Topology – how nodes are wired together
Bandwidth – how much data per second can move between endpoints
Latency – how long a single message takes to travel
Offload and features – what the network hardware can do without CPU involvement
Reliability and fault-tolerance mechanisms

The choice and configuration of interconnects are central design decisions in HPC system architecture.

Key Performance Concepts: Latency and Bandwidth

Two core metrics define interconnect performance:

Latency: time to send a tiny message from one node to another
Measured in microseconds ($\mu$s). Lower is better.
Bandwidth: peak rate data can be transferred, often in Gbit/s or GB/s
Higher is better.

They matter in different ways:

Codes with many small messages (e.g., tightly coupled simulations) are latency-sensitive.
Codes that move large arrays or perform big file transfers are bandwidth-sensitive.

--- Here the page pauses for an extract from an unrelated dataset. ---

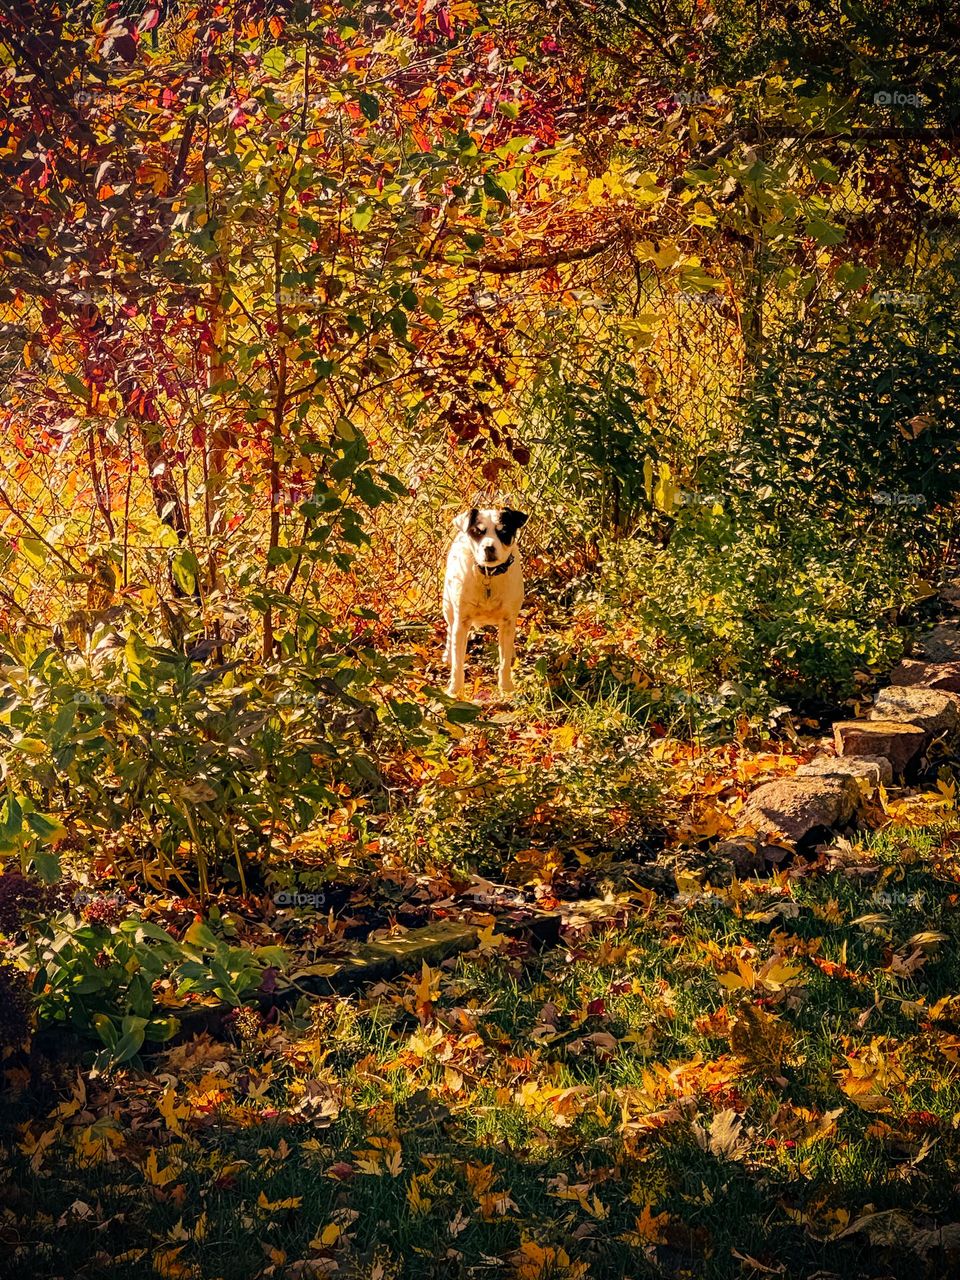 Cute little dog in an autumn garden in golden sunlight

A rough delay to send $N$ bytes over a link can be modeled as:
$$
T(N) \approx T_{\text{latency}} + \frac{N}{\text{bandwidth}}
$$

This is why a network with slightly higher bandwidth but much higher latency can still be worse for many HPC applications.

Network Topologies in HPC Interconnects

How nodes are connected (the topology) impacts both performance and scalability. Some commonly used topologies:

Fat tree / Clos networks

Multi-level tree-like structure with more bandwidth near the root.
Popular because it can provide near-uniform bandwidth between any two nodes.
Easy to reason about in terms of bisection bandwidth (bandwidth across a “cut” splitting the system).

Dragonfly / Dragonfly+

Groups of nodes with high-bandwidth local connections, and high-speed links between groups.
Designed to reduce the number of hops between any two nodes.
Offers good scalability and cost-efficiency for large systems.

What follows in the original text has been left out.